3. How to Build and Grow Your Email List

While buying an email list may seem like a tempting shortcut, it is one of the worst mistakes a new marketer can make. Don't do it! Purchased lists are filled with dead addresses, and emailing them will destroy your deliverability score.


Instead, build an organic email list of people who want to hear from you.


The secret to organic list growth is offering an exchange of value through a Lead Magnet (or opt-in incentive). People rarely give away their contact info for free anymore; you need to give them a compelling reason to subscribe:

  • Exclusive Discounts: Give an immediate financial incentive, like "Sign up for our newsletter and get 15% off your first order." (Highly effective for e-commerce).

  • Educational Checklists or Guides: A short, practical PDF that solves a highly specific problem. For example, an RV Park might offer "The Ultimate Checklist to Winterize Your RV."

  • Templates and Swipe Files: Ready-to-use resources like Excel calculators, design templates, or recipes and meal planners that save your audience hours of manual work.

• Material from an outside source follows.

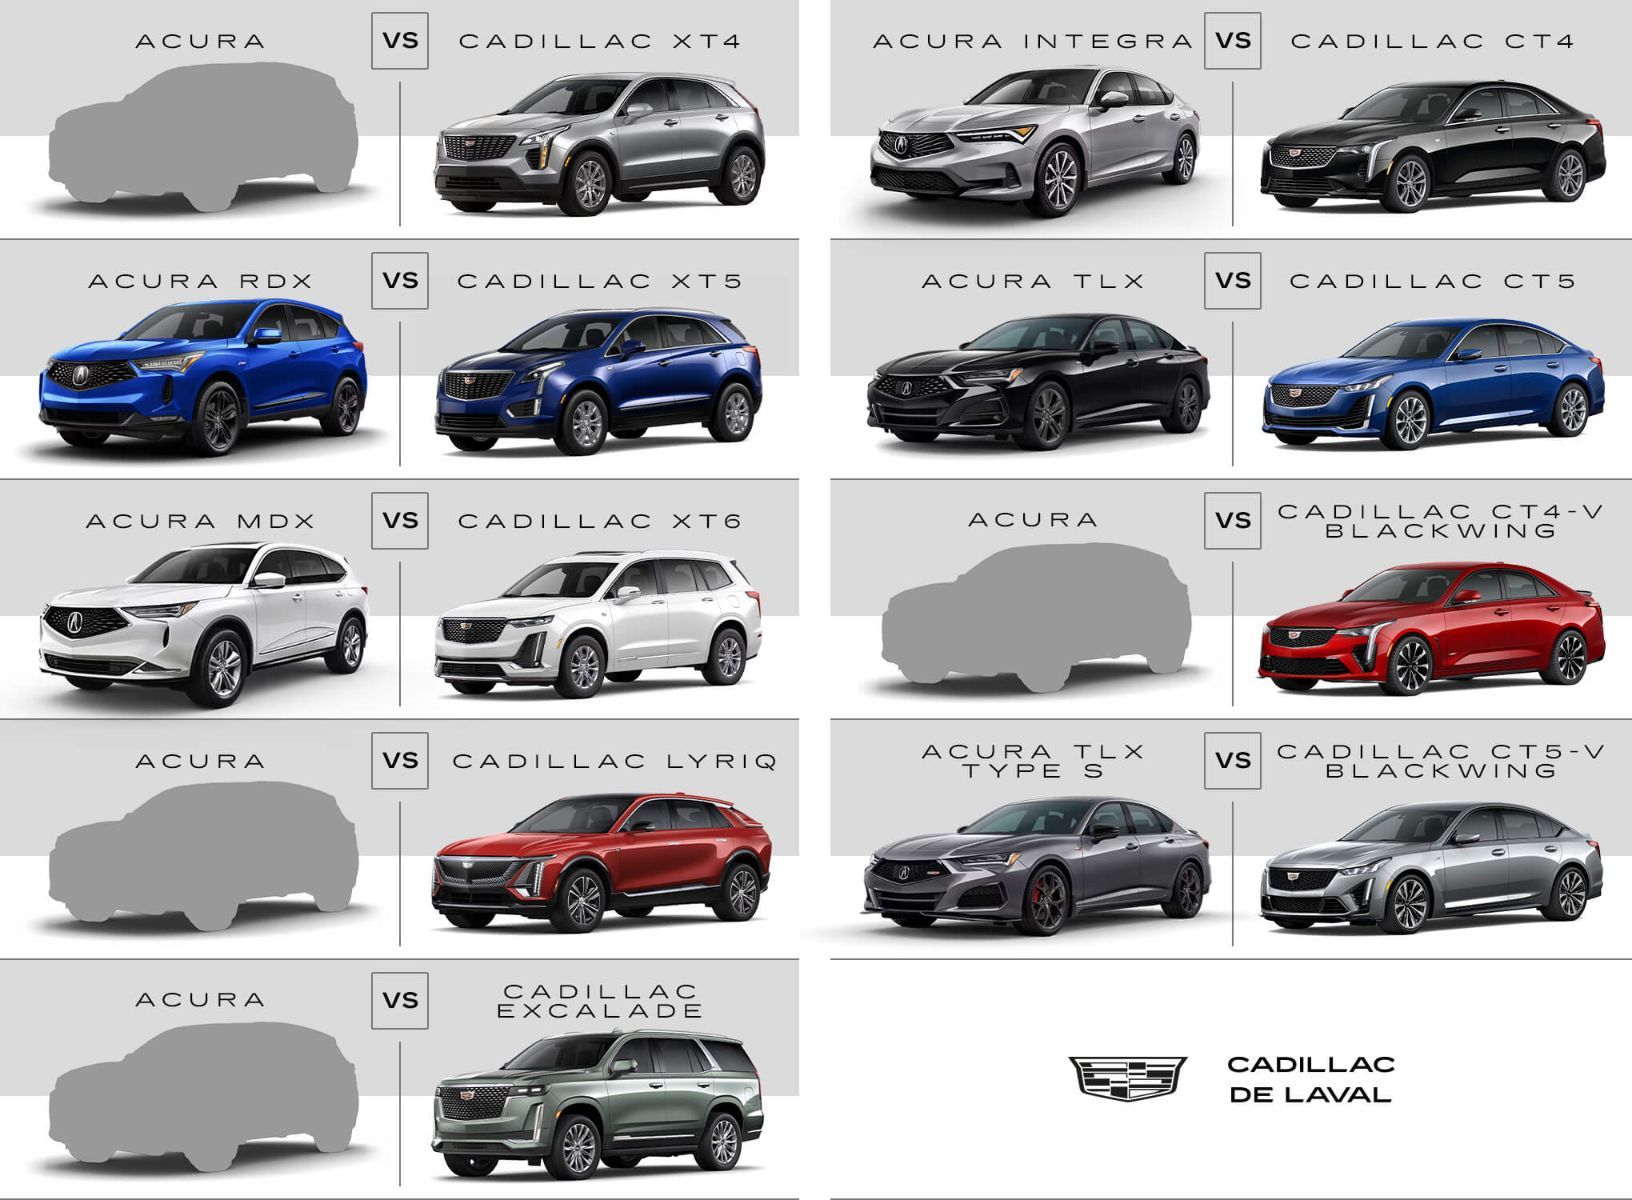 tableau comparatif de différent modèles Acura et Cadillac

  • Webinars or Mini-Courses: A free 30-minute educational video or a 5-day email course that positions you as an industry expert.

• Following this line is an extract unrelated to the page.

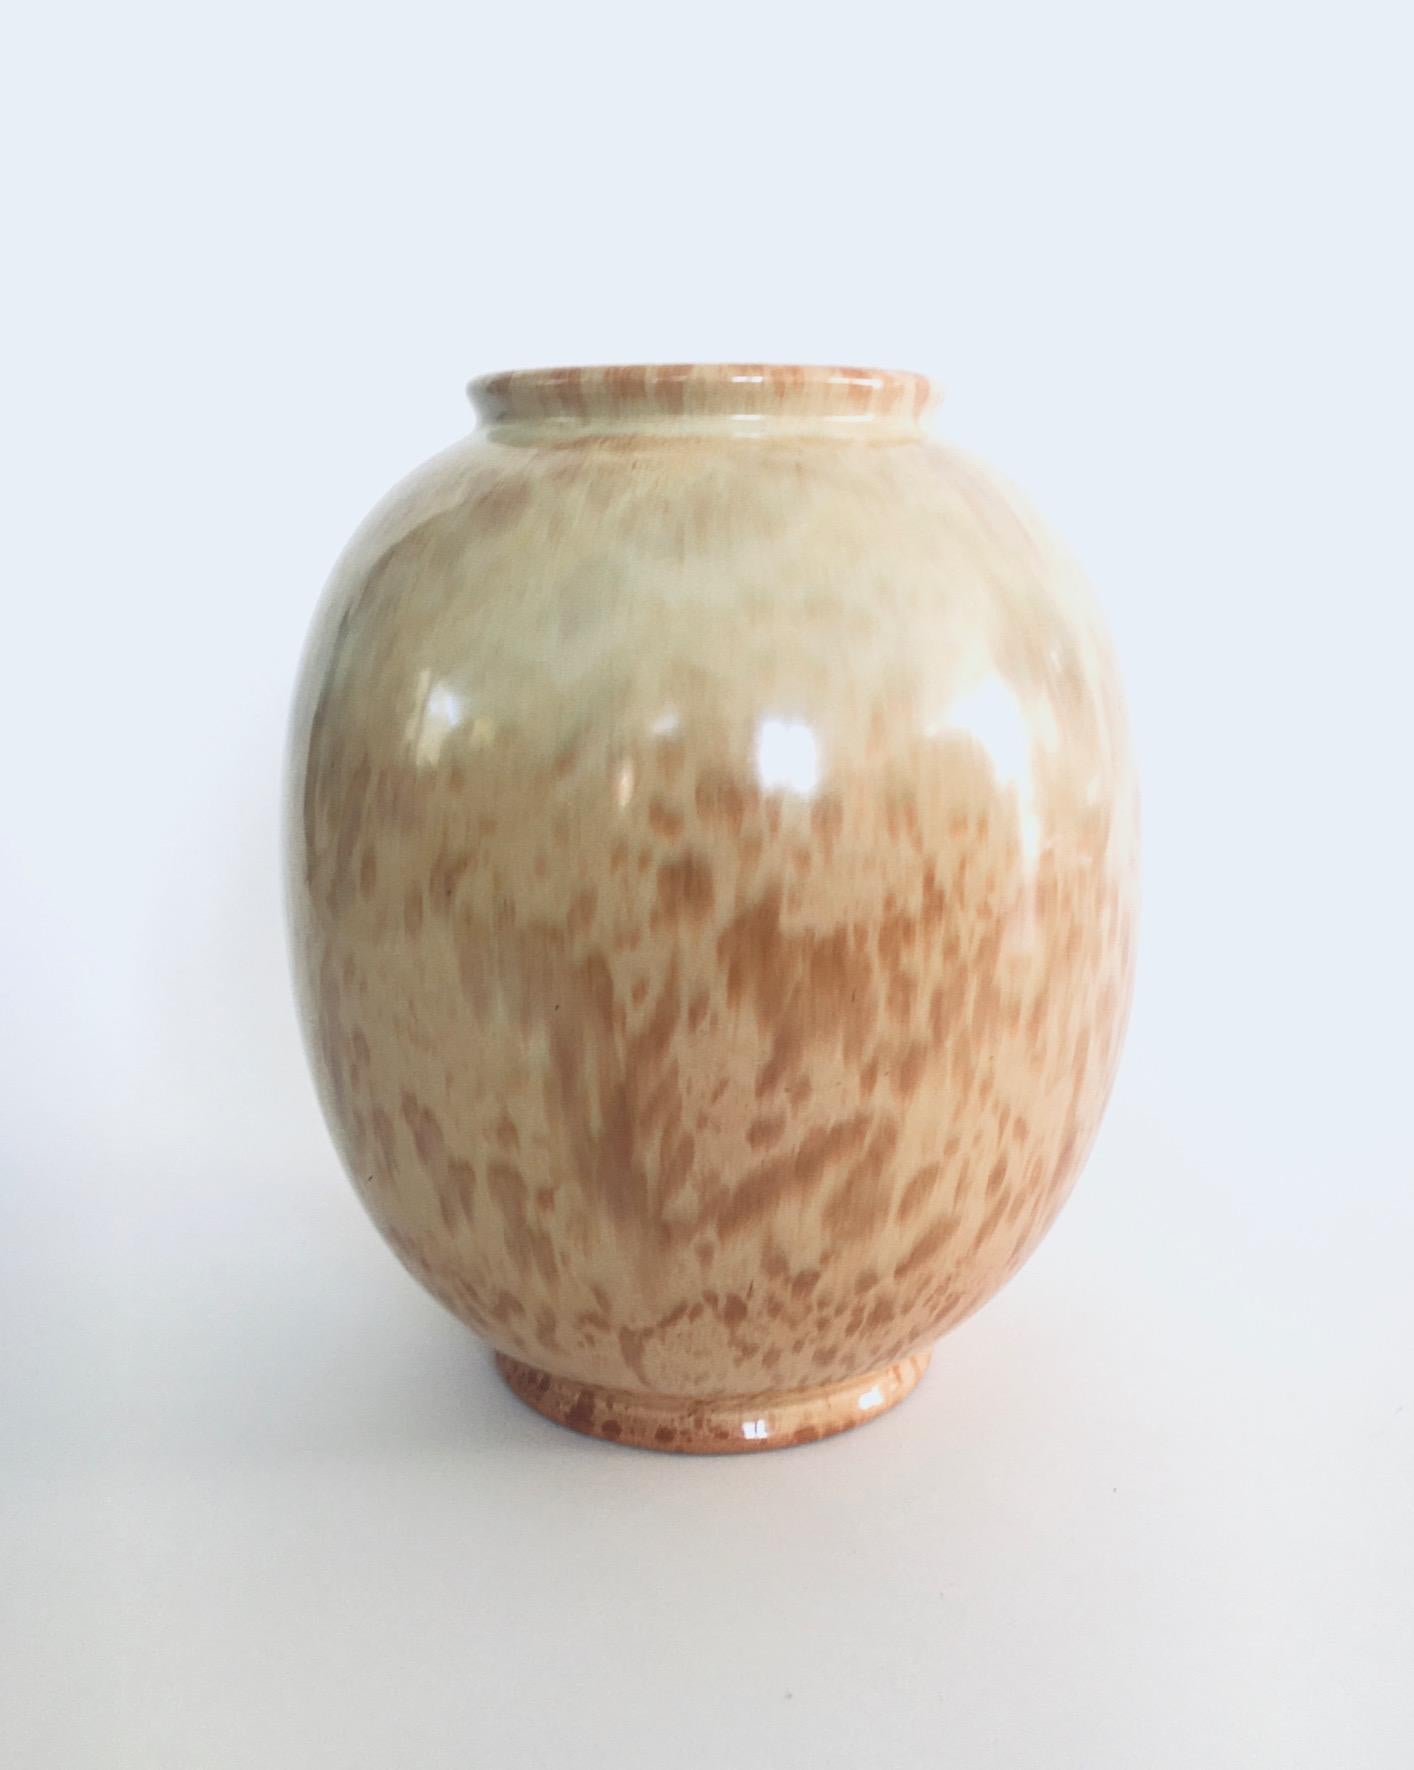 Ceramic RUBRA Vase by Wim Visser for Petrus Regout Maastricht, Netherlands 1954 For Sale

4. What Kinds of Content Should You Send?

Consistency is key to keeping your list warm. If you only email your subscribers when you want to sell something, they will quickly tune you out. Balance your strategy by mixing up your content types:

  • Educational Content: Share your expertise. Write actionable blog summaries, industry news breakdowns, or "how-to" tips that make your subscribers' lives easier or better.

  • Storytelling & Behind-the-Scenes: People buy from people, not faceless corporations. Share the origin story of your business, introduce team members, or talk openly about a business lesson you recently learned.

  • Product & Service Updates: Announce new inventory, service updates, upcoming events, or major business milestones.

  • Promotional Offers: Run limited-time flash sales, offer holiday promotions, or give your email list early, VIP access to a new collection before the general public.


5. How to Add Value to Guarantee High Open Rates

Your emails are competing with hundreds of others for your subscribers' limited attention. To ensure your messages get opened rather than deleted, you must prioritize reader value above everything else.

  • Master the Subject Line & Preview Text: Think of your subject line as a book cover. Keep it under 50 characters, create a sense of curiosity or urgency, and pair it intelligently with compelling preview text to summarize the value inside.

  • Segment Your Audience: Do not treat your email list like one giant monolith. Group your subscribers based on their interests or behavior (e.g., past buyers vs. cold prospects). Sending highly relevant content to smaller groups dramatically boosts engagement. Your EMP will have tools to help you segment your audience.

  • Adopt a "Give More Than You Take" Philosophy: Aim for an 80/20 ratio. Provide pure value—entertainment, education, free resources—80% of the time, and reserve direct sales pitches for the remaining 20%.

  • Optimize for Mobile Devices: Over 50% of emails are opened on smartphones. Keep paragraphs short (2–3 sentences max), use clear buttons for links, and avoid heavy imagery that slows down mobile loading times.


You Can Do Email Marketing - Get Started Today!

Email marketing is a marathon, not a sprint. Focus on building genuine relationships with the subscribers you do have, delivering consistent value, and keeping your content clear and compliant. Over time, your email list will become one of the most reliable revenue-generating assets in your entire business toolkit.